I had not met up with Martin for quite a time and with his living close to some world-renowned Bluebell Woods, we decided that despite it being slightly too early for the best of them, it was a day we were both free, so I drove to his place and we set off to Dockey Wood.

Out taking pictures in the low morning sun gave us an opportunity to catch up and indulge in an activity which gave us both pleasure. These woods have now been fenced off to help preserve them from the public entering all along the roadside, so now there is a designated entry gate and within the woods, branches have been laid to form ‘hedges’ to try to keep the public to the paths and so lessen the flowers from being trampled thoughtlessly.

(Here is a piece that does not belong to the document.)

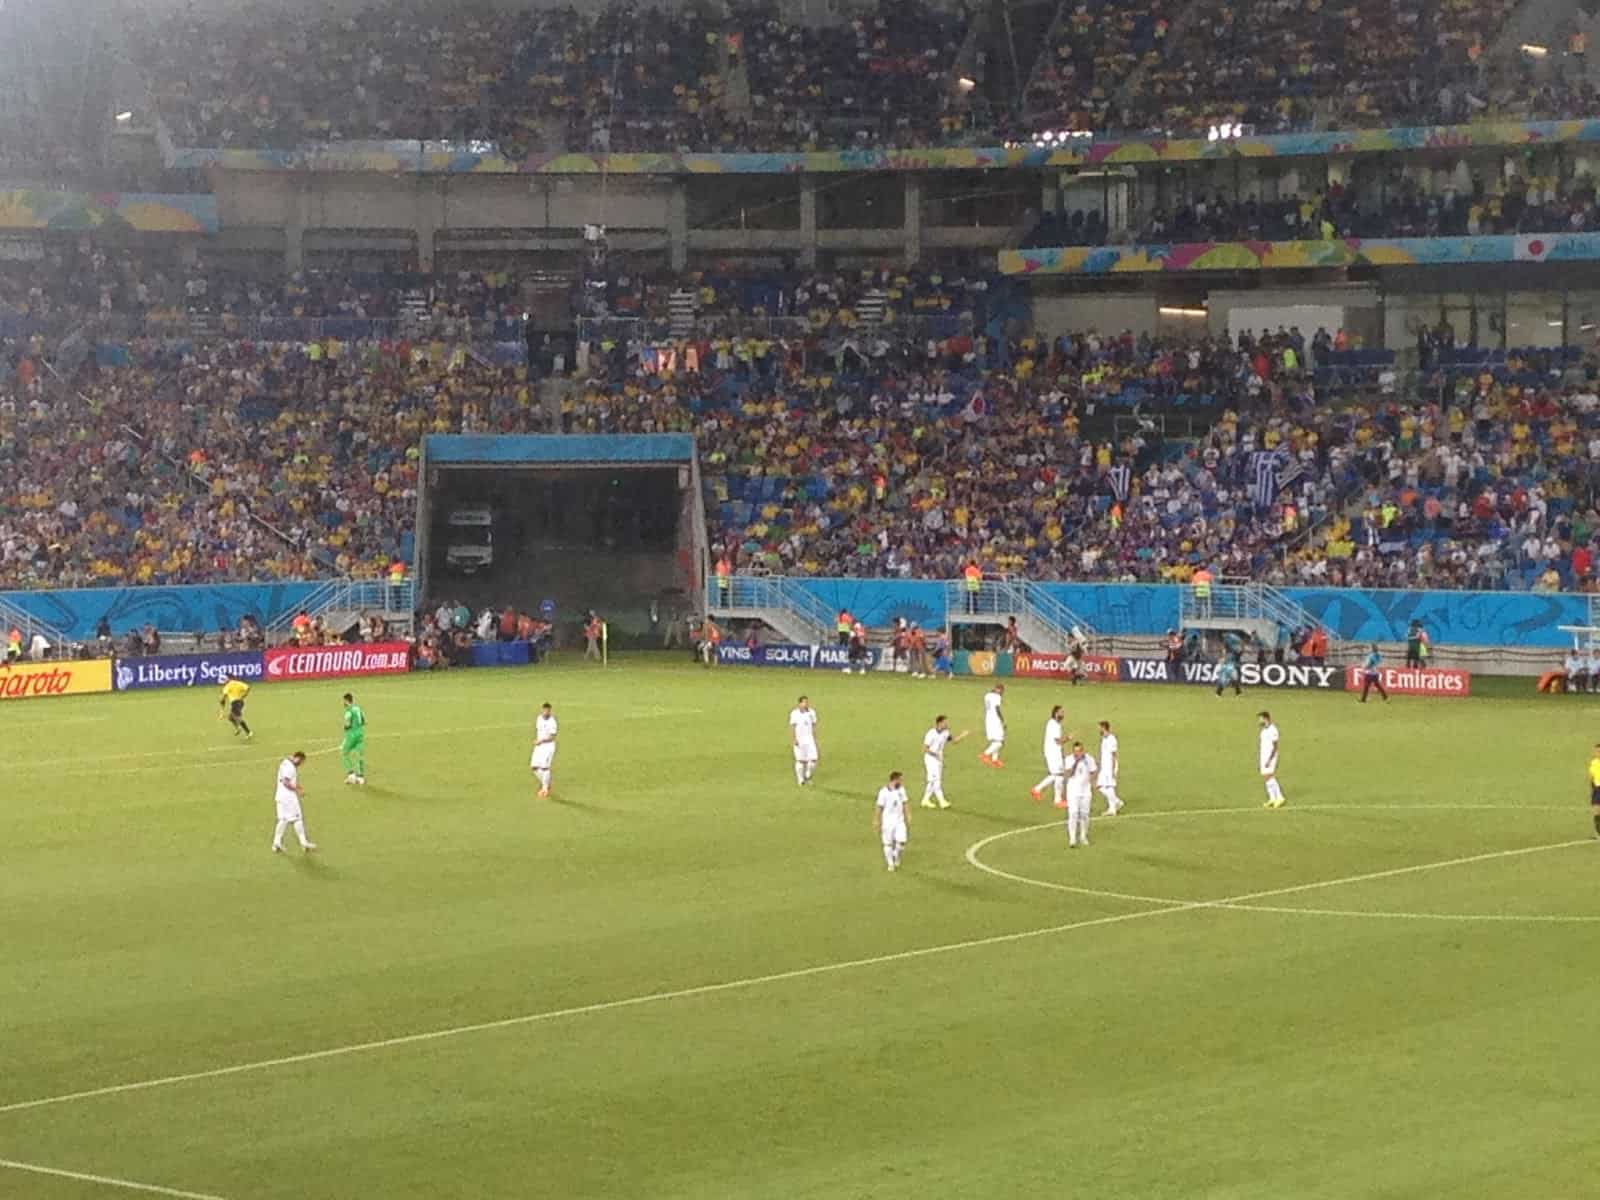 Greece vs Japan World Cup 2014 at Arena das Dunas in Natal, Brazil

Initially we stayed close to the right hand edge of the woods, so we had the the low slanting morning sun streaming in and forming stripes from the shadows of the trees. Martin took several different viewpoints whereas I at this stage kept close to the same spot as I was experimenting with using the long telephoto lens to try to compress the distance and in transferring my gear from my car to his had left the ideal head behind and was suffering somewhat to get the best stability. The reality was that I should have opted for a shorter focal length lens!

We returned to the car after a while and headed to a different location, and I used my 24-70mm to capture some gnarled tree trunks which gave me far more fun with searching for shapes that my imagination found as animals, and that occupied me for quite a time, before we moved to yet another location – this time with some very wispy almost floating young green leaves set against a stand of tall tree trunks. sadly by this time the sun was hidden making it difficult to capture in the very flat lighting.

We then stopped for a lunch break at the Visitor Centre before heading back. It was an excellent way to spend some time together since we last met up at the Photography Show at the NEC. It’ll be interesting to see whether viewers of the gallery can spot the ‘animals’ I saw in the gnarled shapes of the tree trunks! I found a horse, an elephant with Snoopy on his shoulders, a lizard, a camel, a ram and an old lady in a green scarf, holding hands with a young girl with blonde hair! Sorry – no prizes!